### Activity
Each line below should be repeated exactly, but no picture should be carried over.

### Data provided
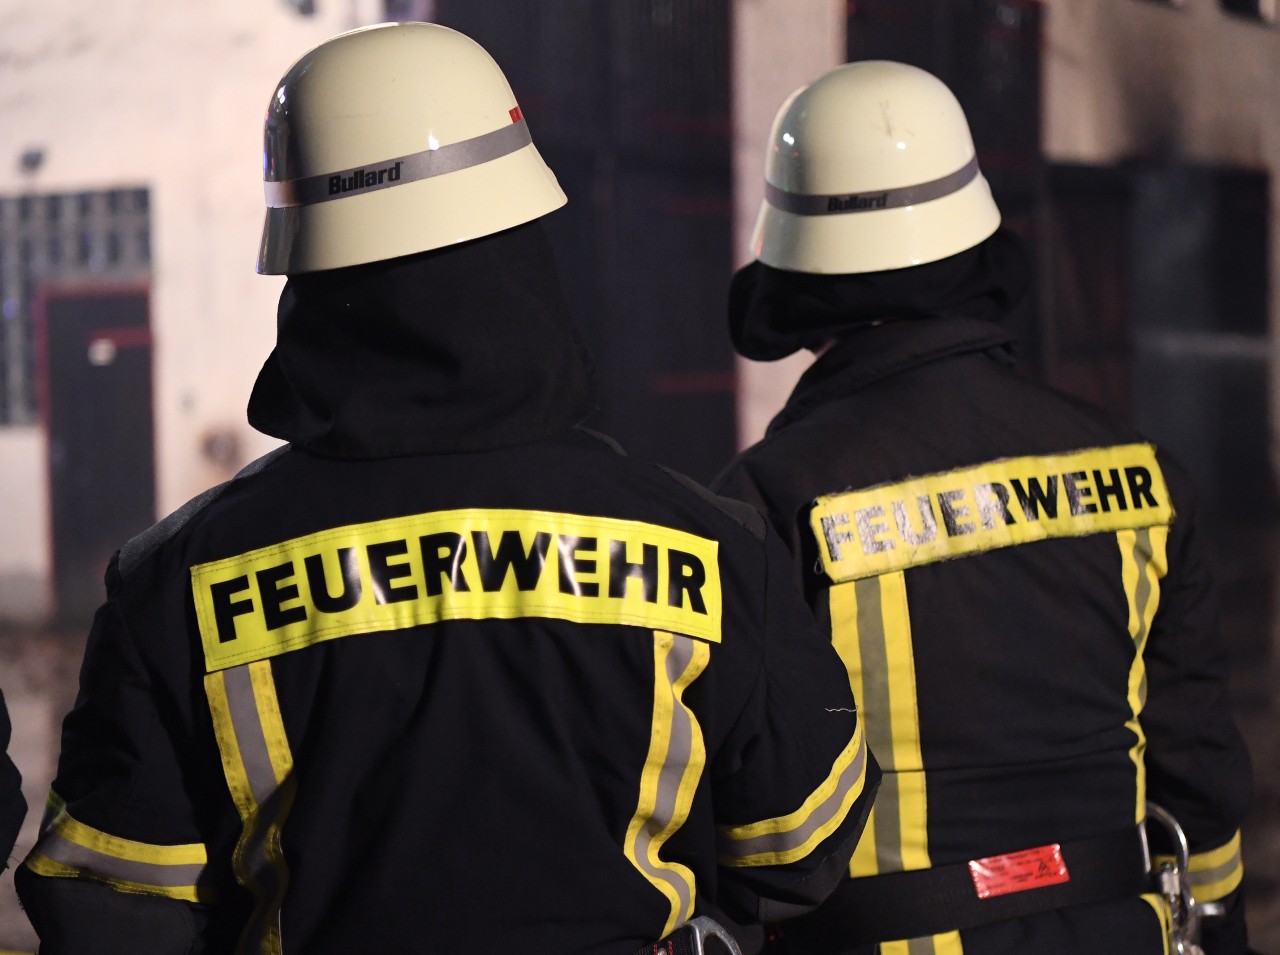 Der Freiwilligen Feuerwehr in Azmannsdorf bei Erfurt platzt jetzt der Kragen. Droht jetzt der Super-Gau? (Symbolbild)

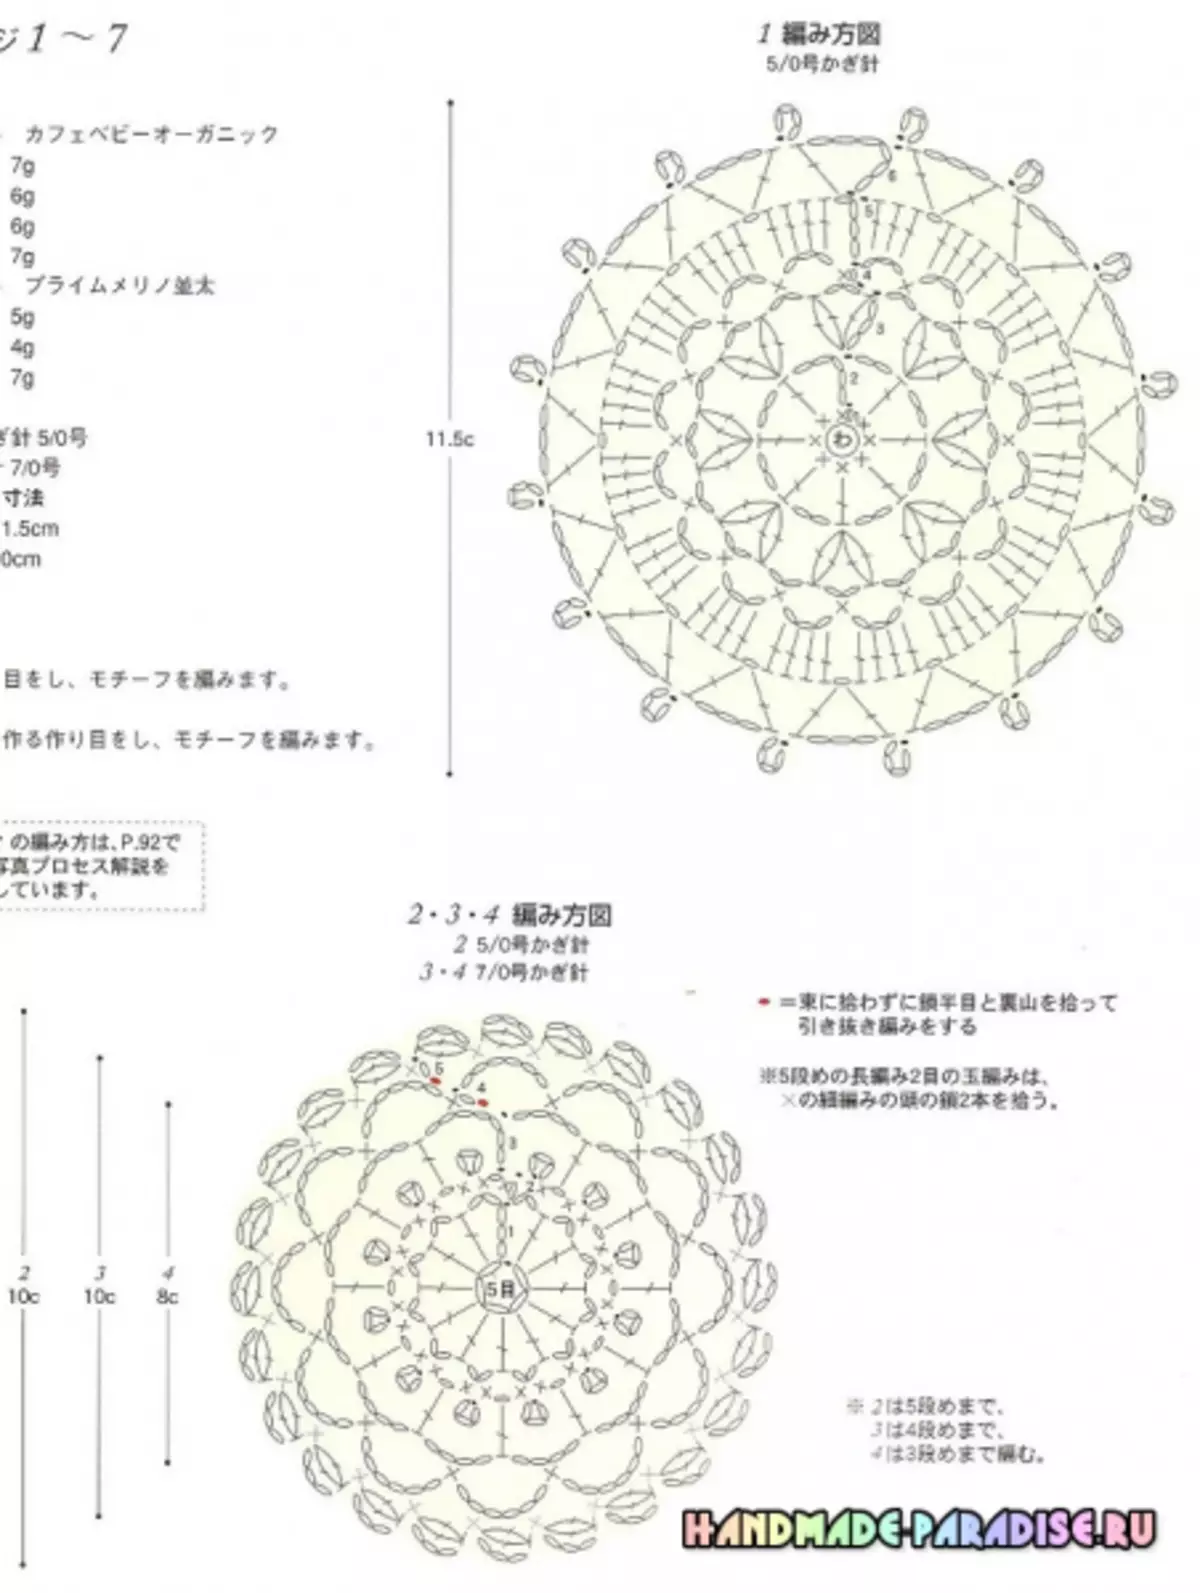 Japanesch Magazin mat Crochet Schemaen
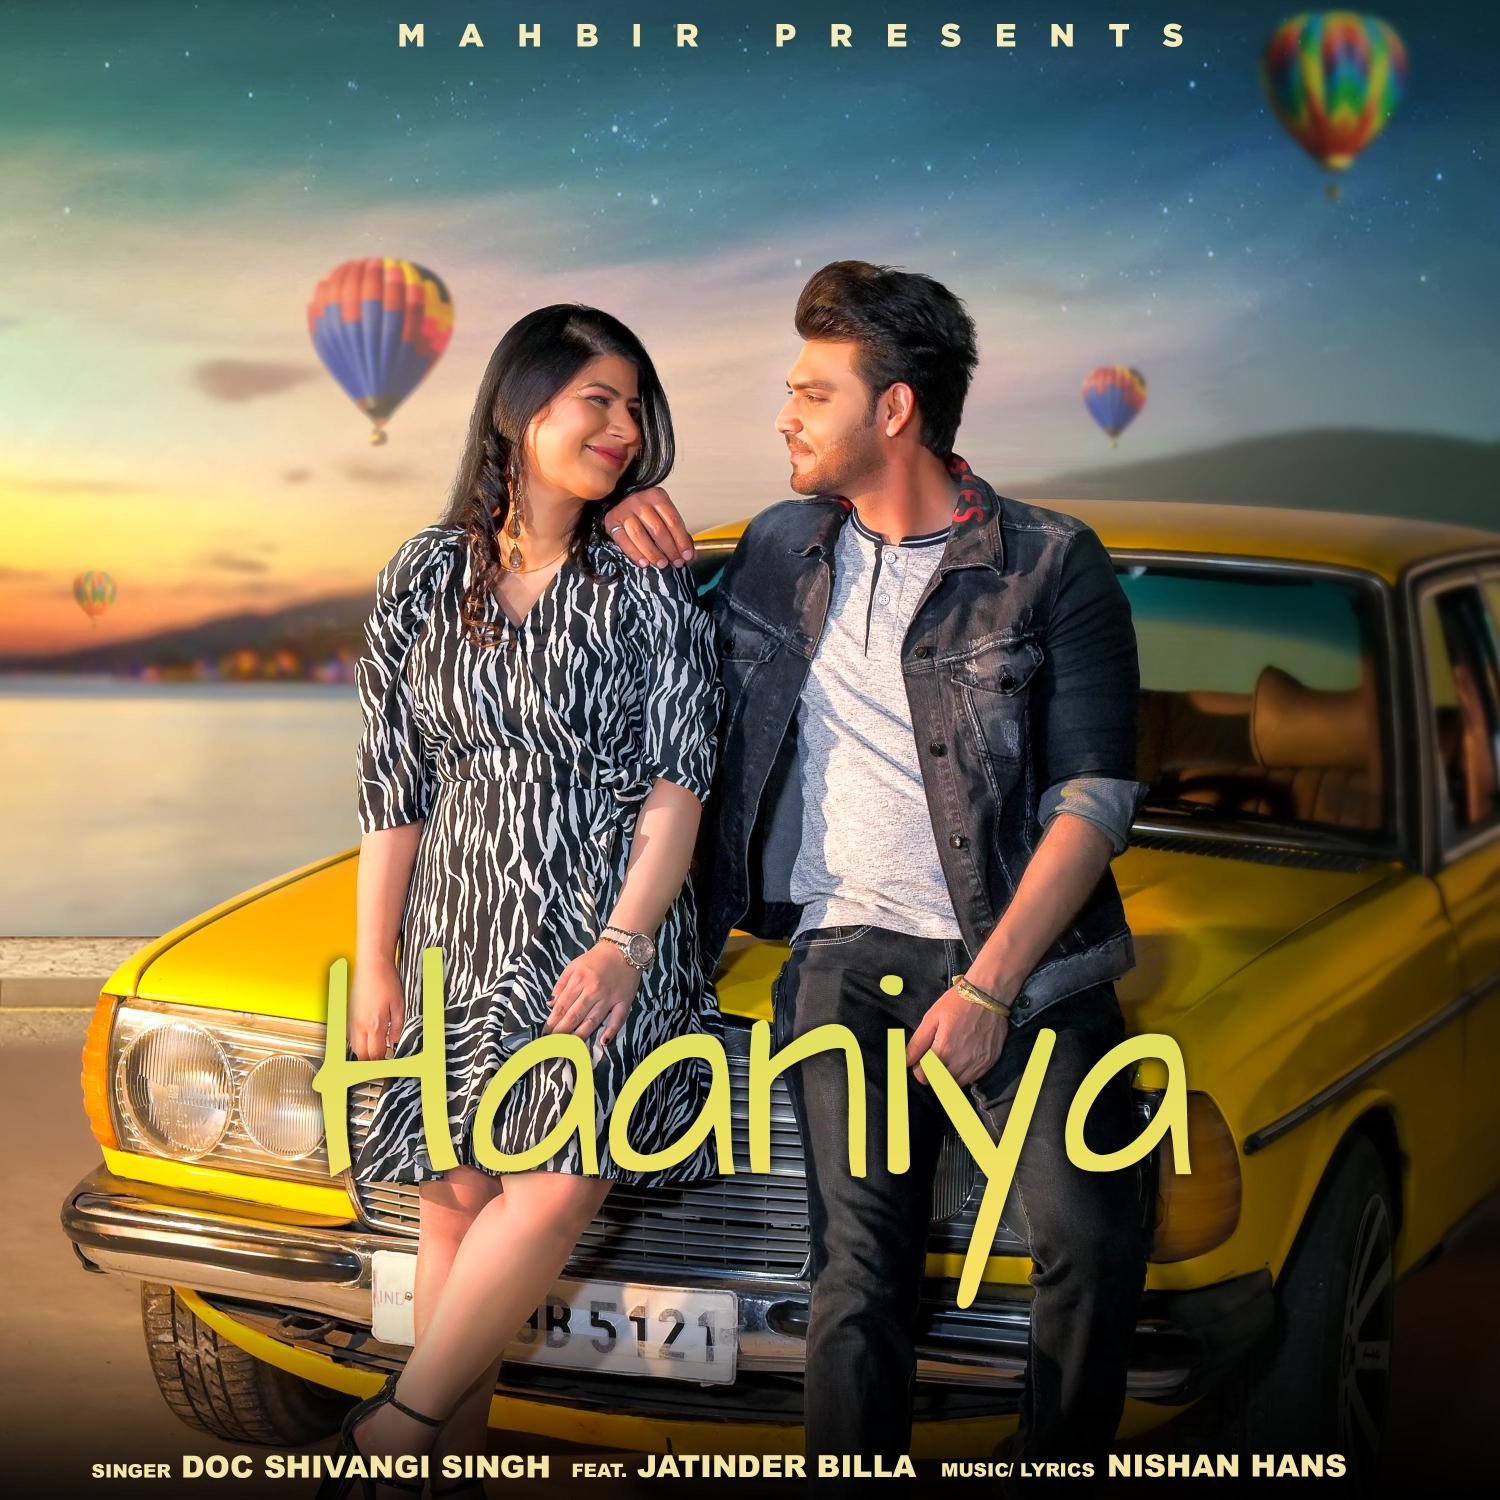 Постер альбома Haaniya
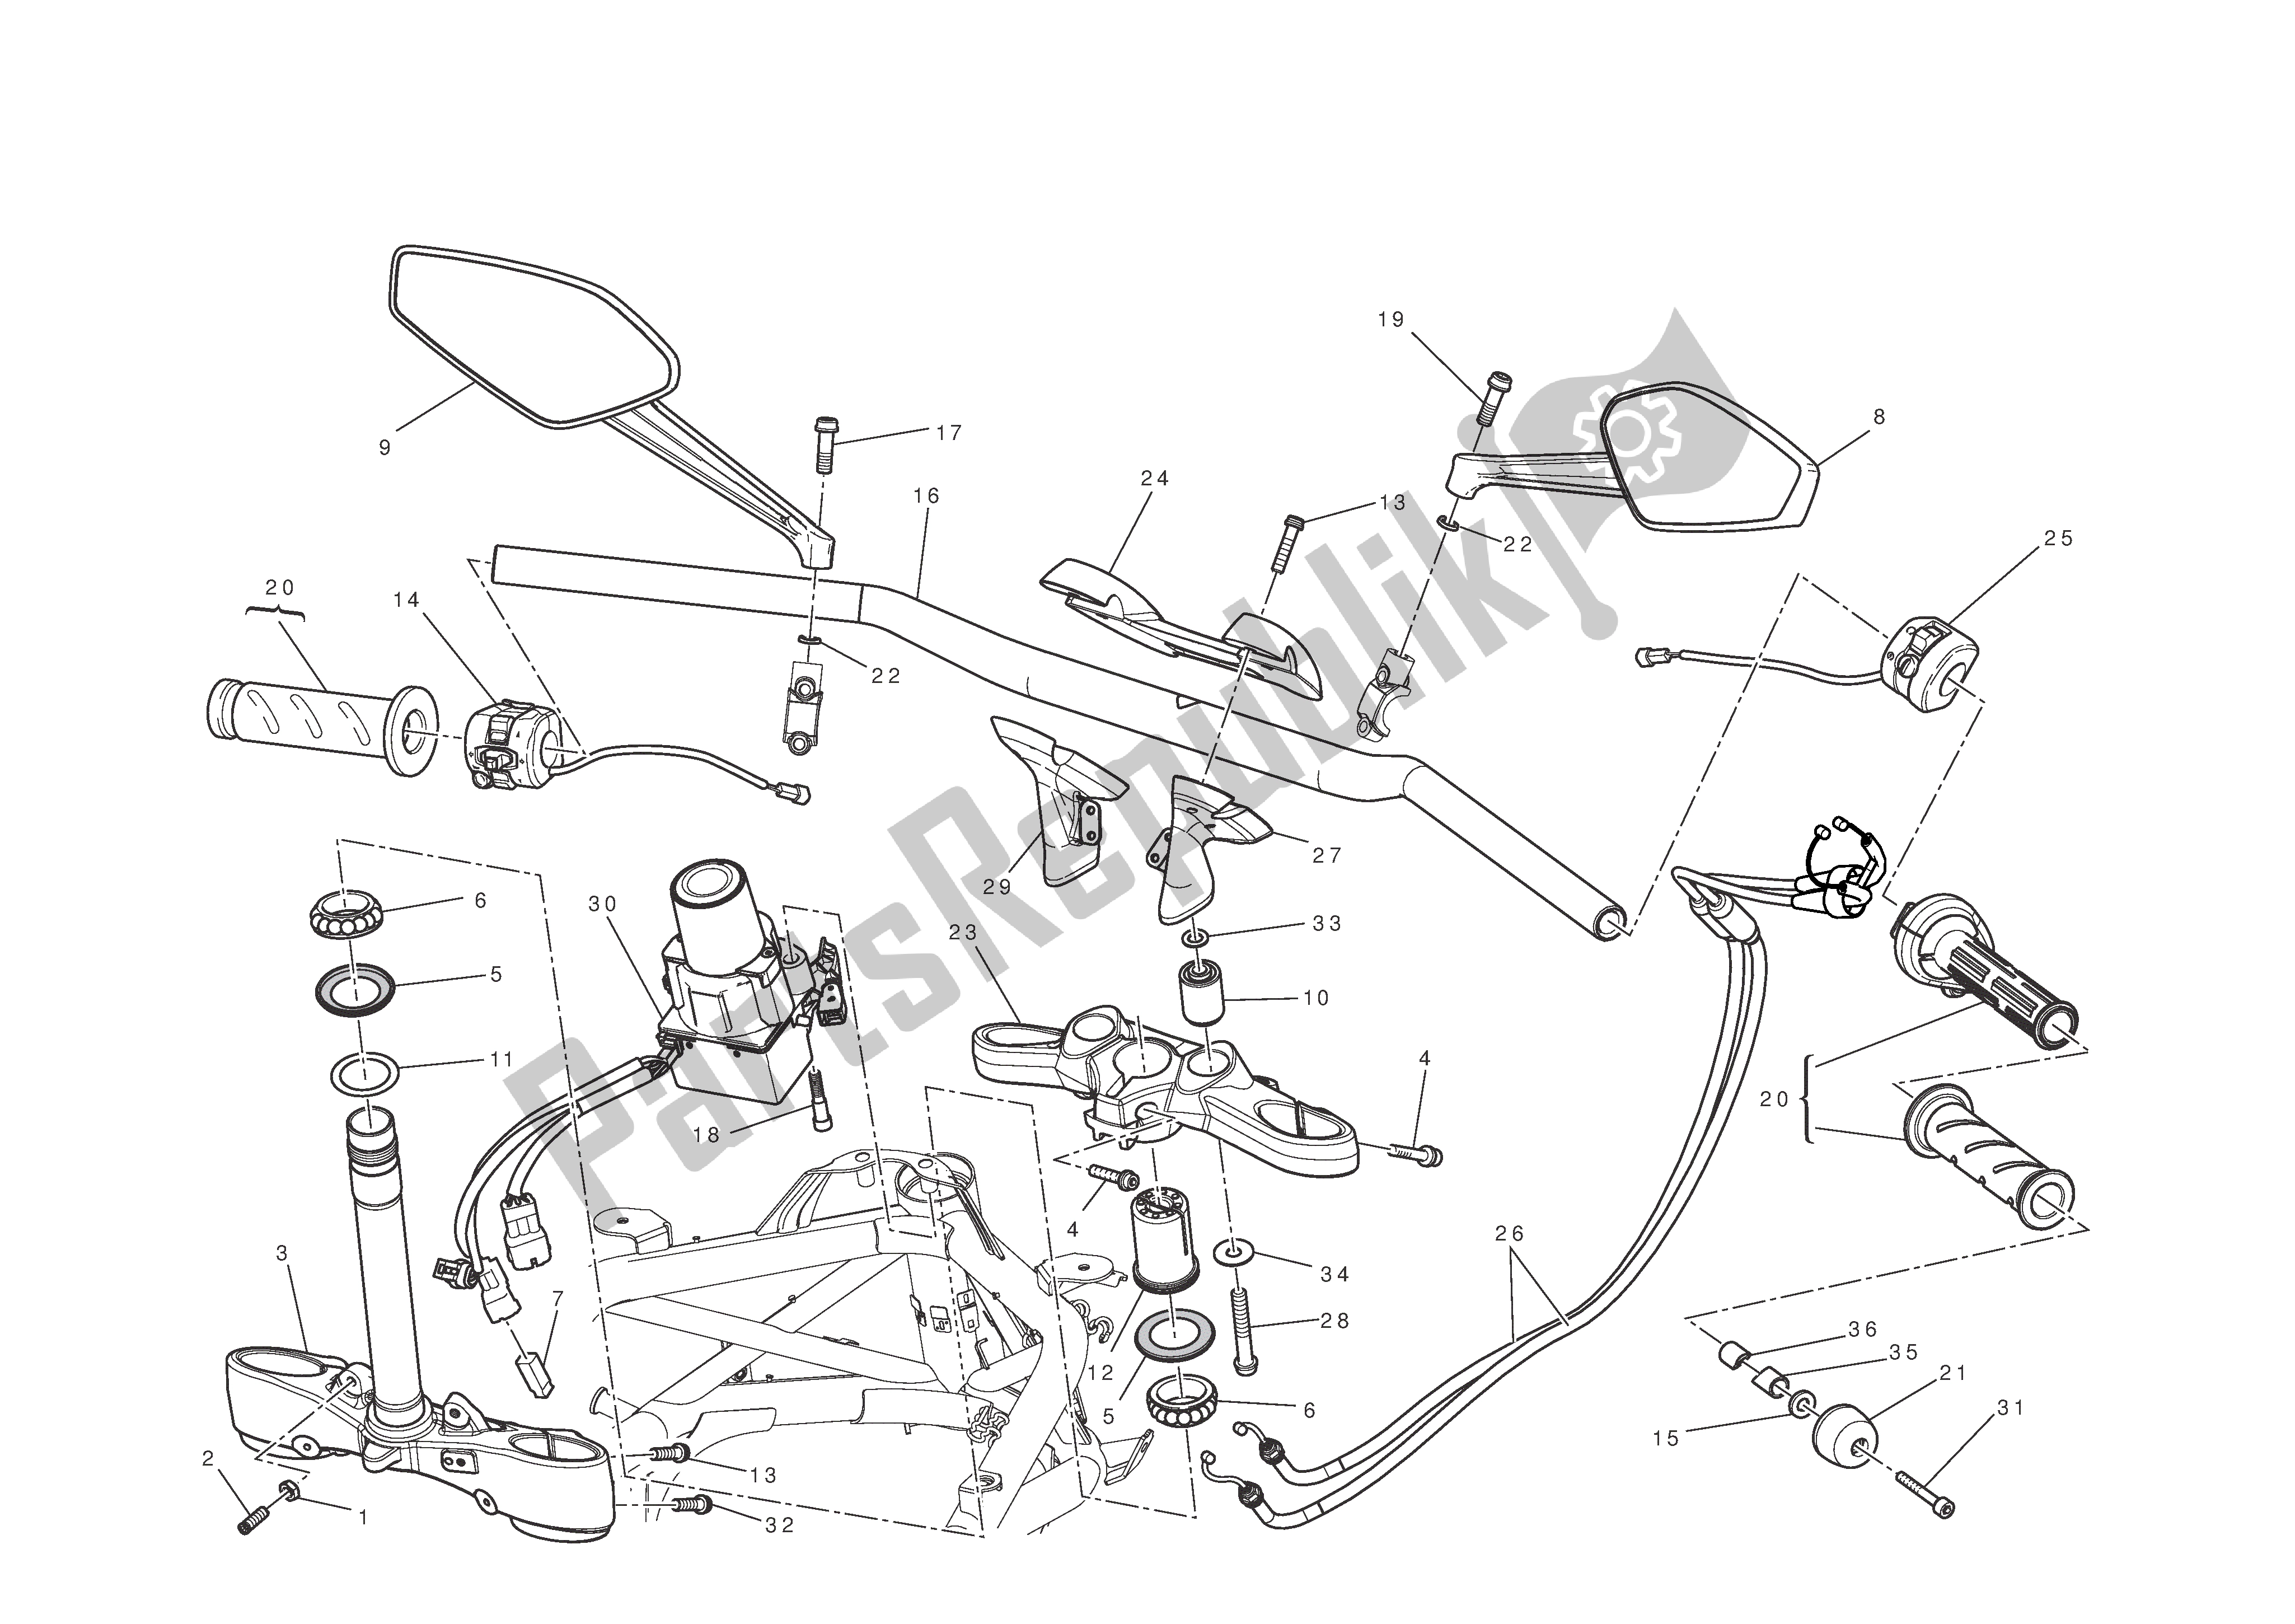 Tutte le parti per il Manubrio E Comandi del Ducati Diavel 1200 2013

### The completed task
 Der Freiwilligen Feuerwehr in Azmannsdorf bei Erfurt platzt jetzt der Kragen. Droht jetzt der Super-Gau? (Symbolbild)

 Japanesch Magazin mat Crochet Schemaen
 Постер альбома Haaniya
 Tutte le parti per il Manubrio E Comandi del Ducati Diavel 1200 2013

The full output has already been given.